According to the Italian National Report on drug use, thienopyridines (ticlopidine, clopidogrel and prasugrel) and ticagrelor represent the most prescribed antiplatelet agents, beside aspirin. The aim of this study was to analyse the safety profile of these drugs using data from spontaneous reporting of suspected adverse reactions (ADRs).
Suspected ADRs for ticlopidine, clopidogrel, prasugrel and ticagrelor, reported on the Italian National Pharmacovigilance Network between January 2009 and December 2016, were included in the analysis. All suspected ADRs were classified by frequency, seriousness, outcome, age and system organ class.
Clopidogrel showed the highest absolute number of suspected ADRs, followed by ticlopidine. However, these data need to be contextualized in view of the differences in marketing authorization dates, prescription rates and a characterization of the relative seriousness of ADRs per each drug. After the correction for prescription rate, ticagrelor showed the highest reporting trend and ticlopidine the lowest. Most ADRs occurred in the elderly, in particular for ticlopidine. Bleeding represents one of the most reported events (ticlopidine 40%, clopidogrel 26%, prasugrel 42%, ticagrelor 30%) and aspirin was the most frequently associated suspected drug. The majority of ADRs had complete recovery and were non-serious, except for ticlopidine (serious ADRs 53%). Prasugrel showed the highest percentage of 'life-threatening' events and 'death'.

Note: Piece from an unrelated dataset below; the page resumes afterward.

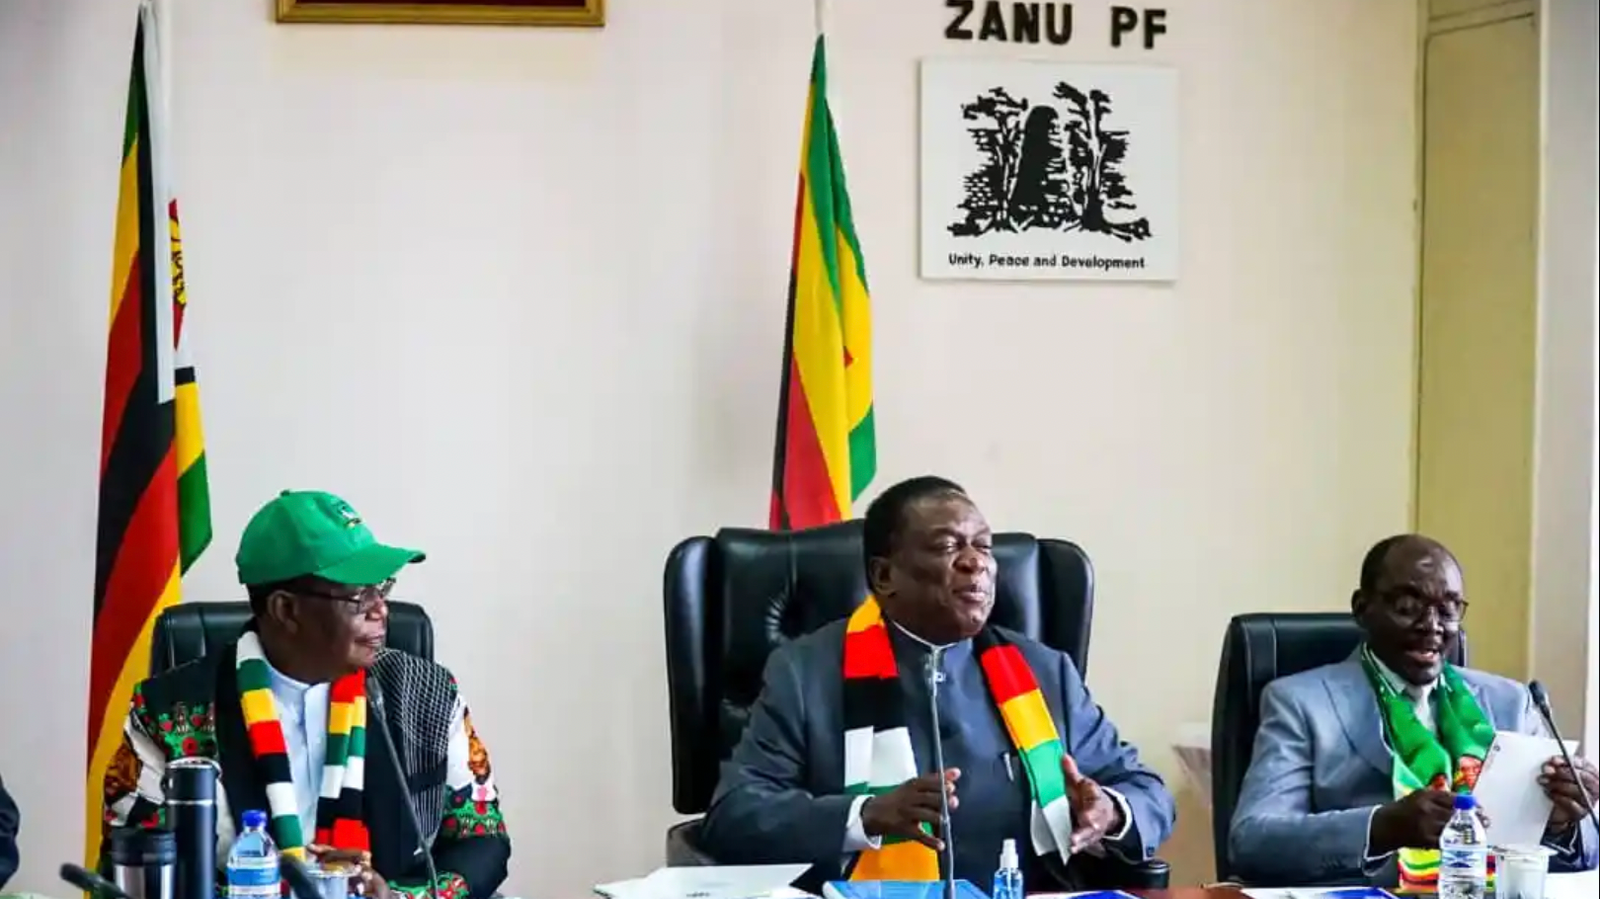 Zimbabwe ZANU PF politiburo

Based on the analysis conducted on spontaneous ADRs reporting system in Italy, the safety profile of antiplatelet drugs seems favourable. However, the overall risk-benefit ratio of these drugs needs to be reassessed taking into account the appropriateness of use in particular populations at risk, such as the elderly. Based on this information, we believe that more attention from clinicians and/or an implementation of regulatory measures could be useful for clinical practice.
根据意大利药物使用国家报告,噻吩并吡啶类药物(噻氯匹定、氯吡格雷和普拉格雷)以及替格瑞洛是除阿司匹林之外处方量最大的抗血小板药物。本研究的目的是利用疑似不良反应(ADR)自发报告的数据来分析这些药物的安全性。

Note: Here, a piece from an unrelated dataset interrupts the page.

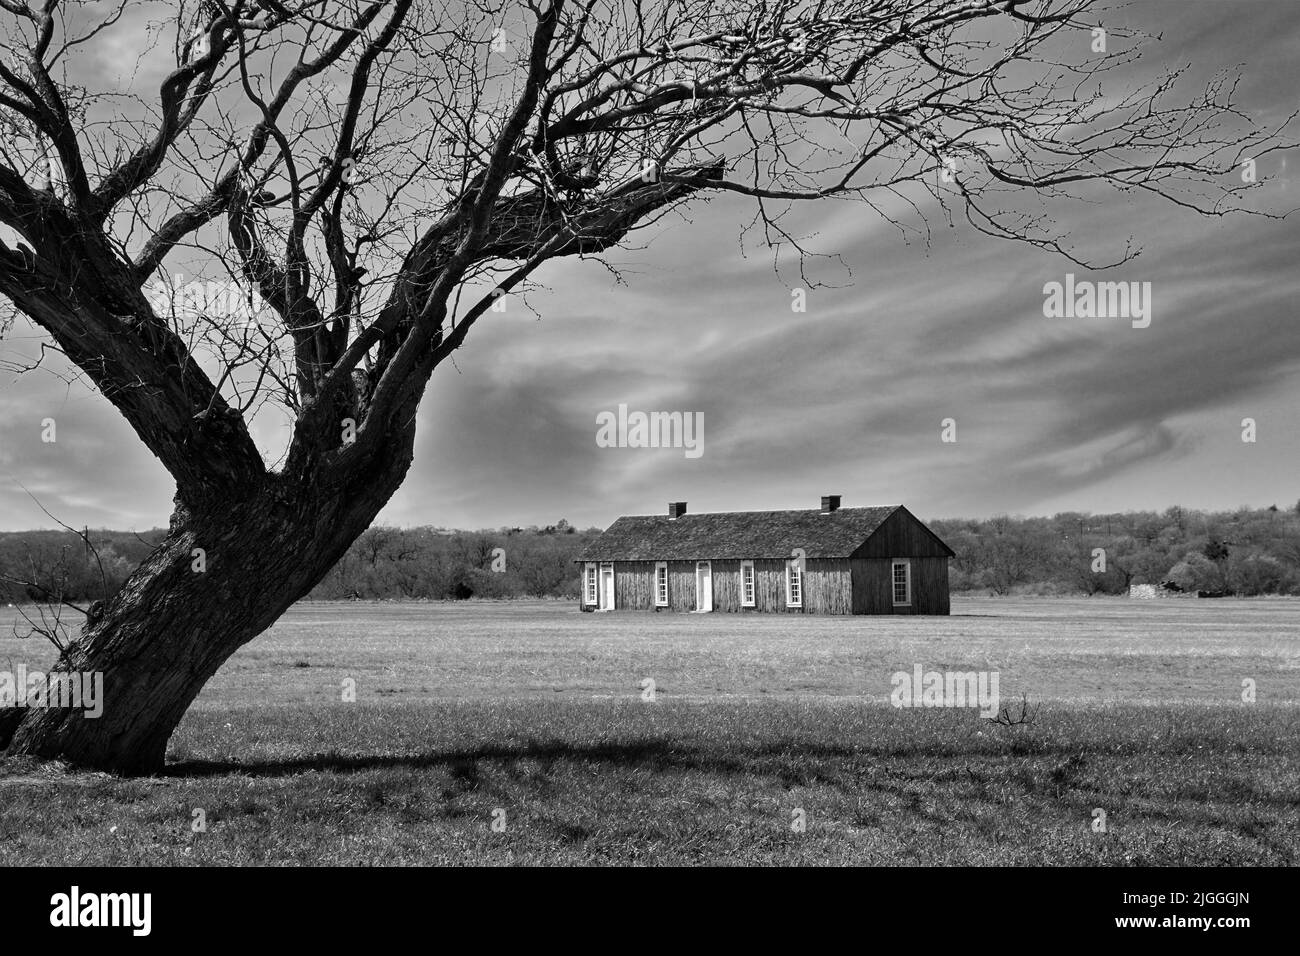 Il s'agit d'une image en noir et blanc des casernes masculines inscrites à fort Richardson, un site historique national, près de Jacksboro, Texas, États-Unis. Banque D'Images

纳入2009年1月至2016年12月期间在意大利国家药物警戒网络上报的噻氯匹定、氯吡格雷、普拉格雷和替格瑞洛的疑似ADR。所有疑似ADR均按发生频率、严重程度、转归、年龄和系统器官分类进行归类。
氯吡格雷的疑似ADR绝对数量最多,其次是噻氯匹定。然而,鉴于上市许可日期、处方率以及每种药物ADR相对严重程度的差异,这些数据需要结合具体情况来看。校正处方率后,替格瑞洛的报告趋势最高,噻氯匹定最低。大多数ADR发生在老年人中,尤其是噻氯匹定。出血是报告最多的事件之一(噻氯匹定40%,氯吡格雷26%,普拉格雷42%,替格瑞洛30%),阿司匹林是最常伴随的疑似药物。除噻氯匹定外(严重ADR占53%),大多数ADR完全恢复且不严重。普拉格雷的“危及生命”事件和“死亡”百分比最高。
基于对意大利ADR自发报告系统的分析,抗血小板药物的安全性似乎良好。然而,需要重新评估这些药物的总体风险效益比,要考虑到在特定风险人群(如老年人)中使用的适宜性。基于这些信息,我们认为临床医生给予更多关注和/或实施监管措施可能对临床实践有用。